◆ **What you need to do**: What you return must be the data below, word for word, without any images.

----- Supplied data

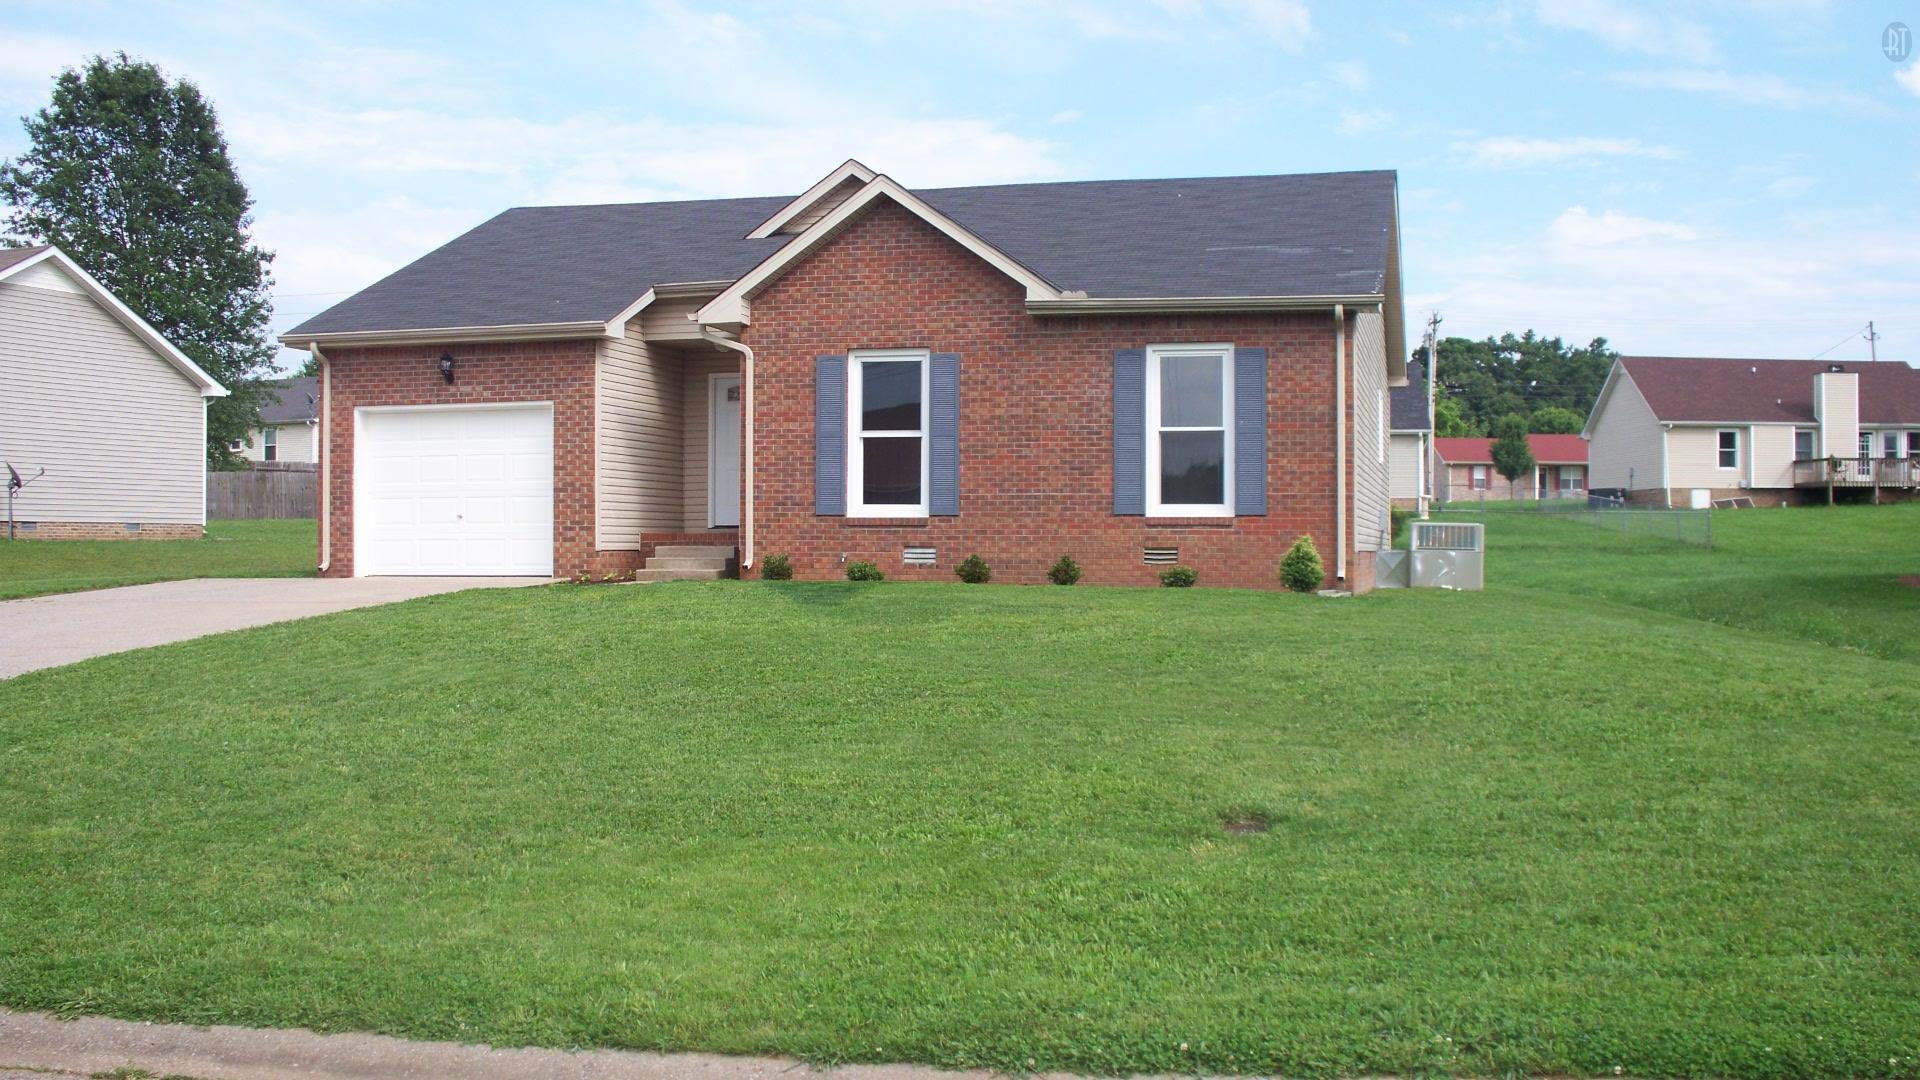 1756 Butternut Dr, Clarksville, TN 37042
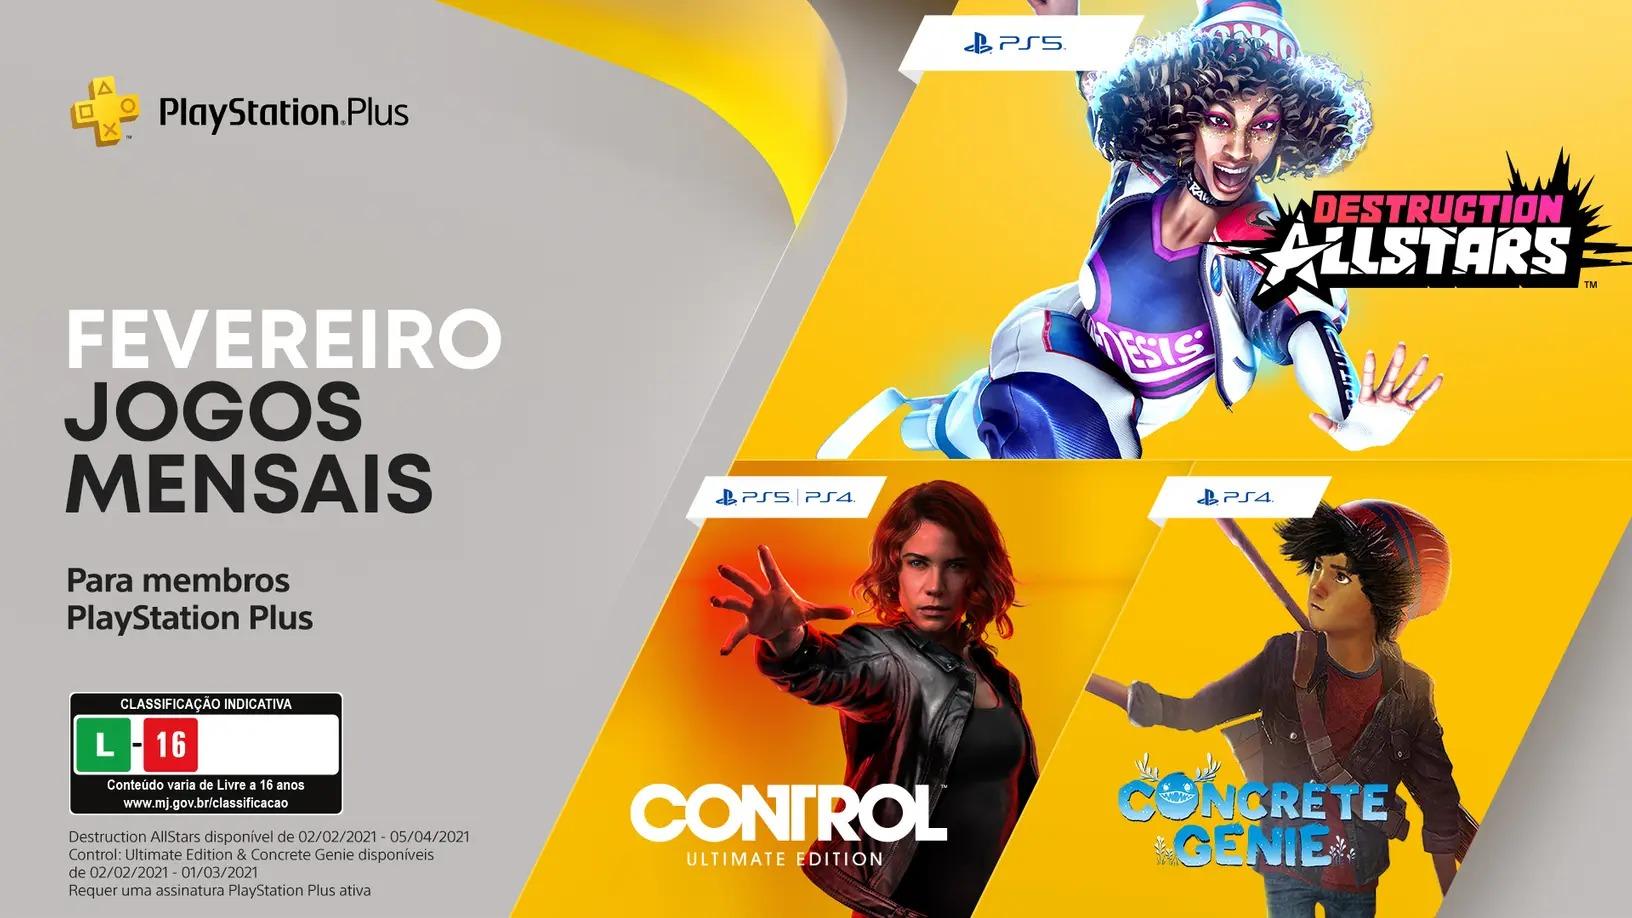 PS Plus de fevereiro tem Control, Concrete Genie e mais no PS4 e PS5 | Jogos | Tecnoblog
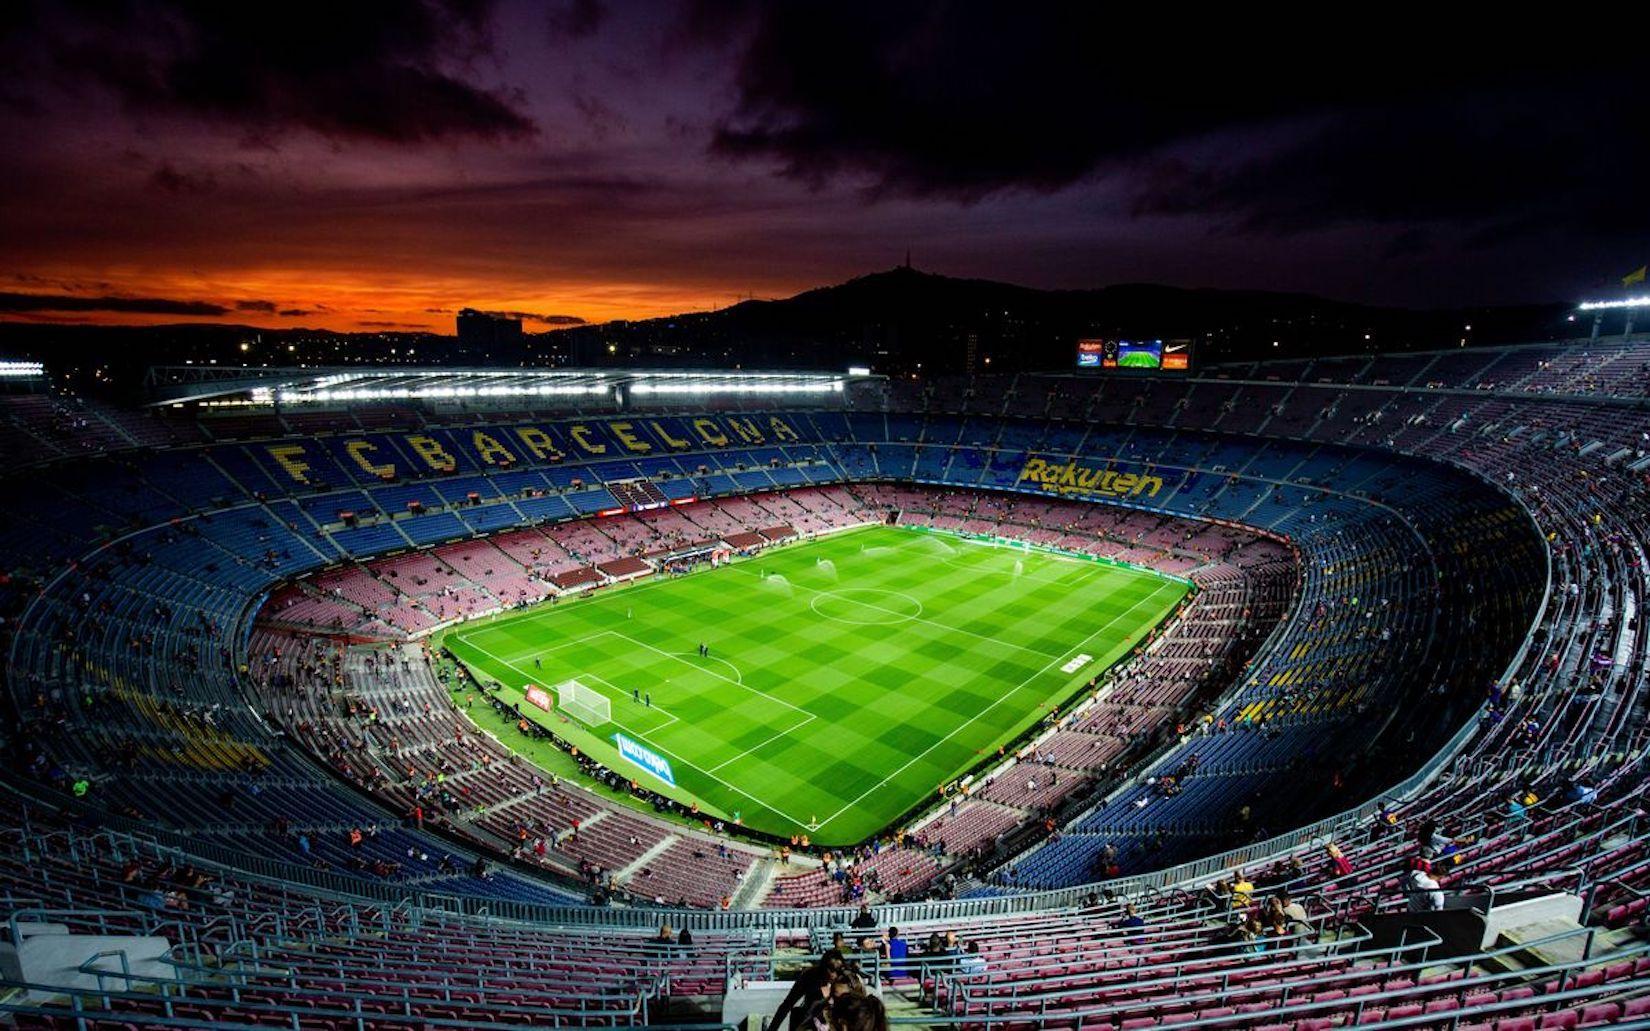 El Camp Nou, abans d'un partit | FC Barcelona
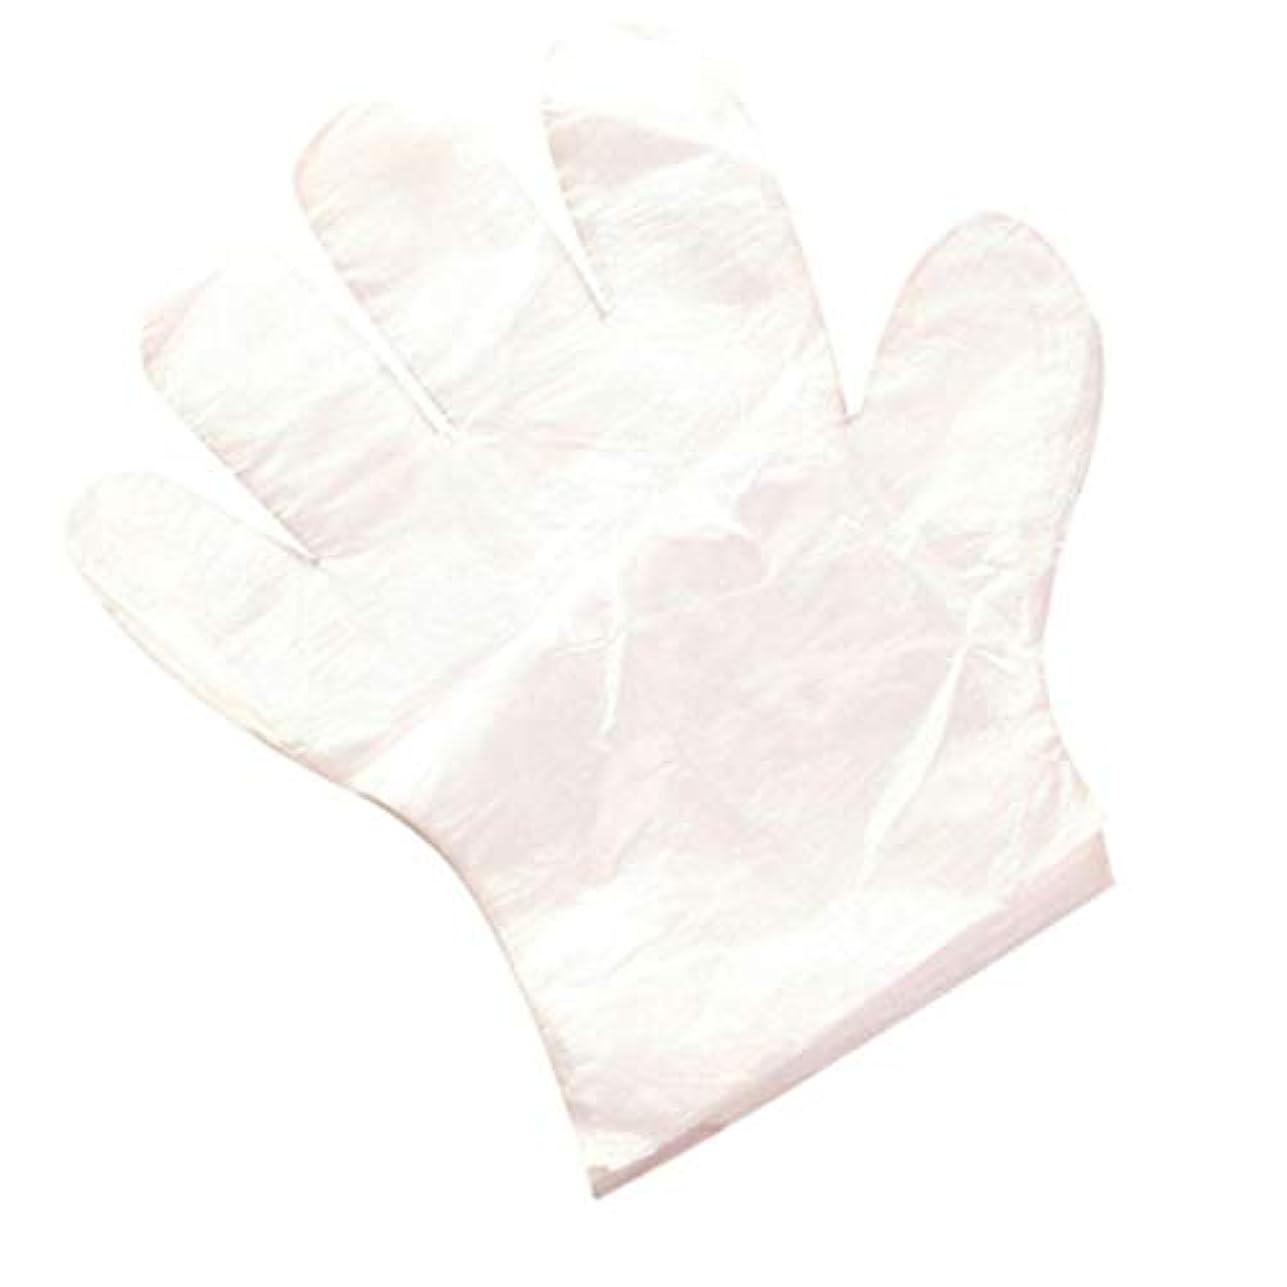 取り出すあなたのもの空気家庭用家庭の清掃および衛生用使い捨て手袋を食べる使い捨て手袋 (UnitCount : 500only)

----------

◆ **Your solution**:
 1756 Butternut Dr, Clarksville, TN 37042
 PS Plus de fevereiro tem Control, Concrete Genie e mais no PS4 e PS5 | Jogos | Tecnoblog
 El Camp Nou, abans d'un partit | FC Barcelona
 取り出すあなたのもの空気家庭用家庭の清掃および衛生用使い捨て手袋を食べる使い捨て手袋 (UnitCount : 500only)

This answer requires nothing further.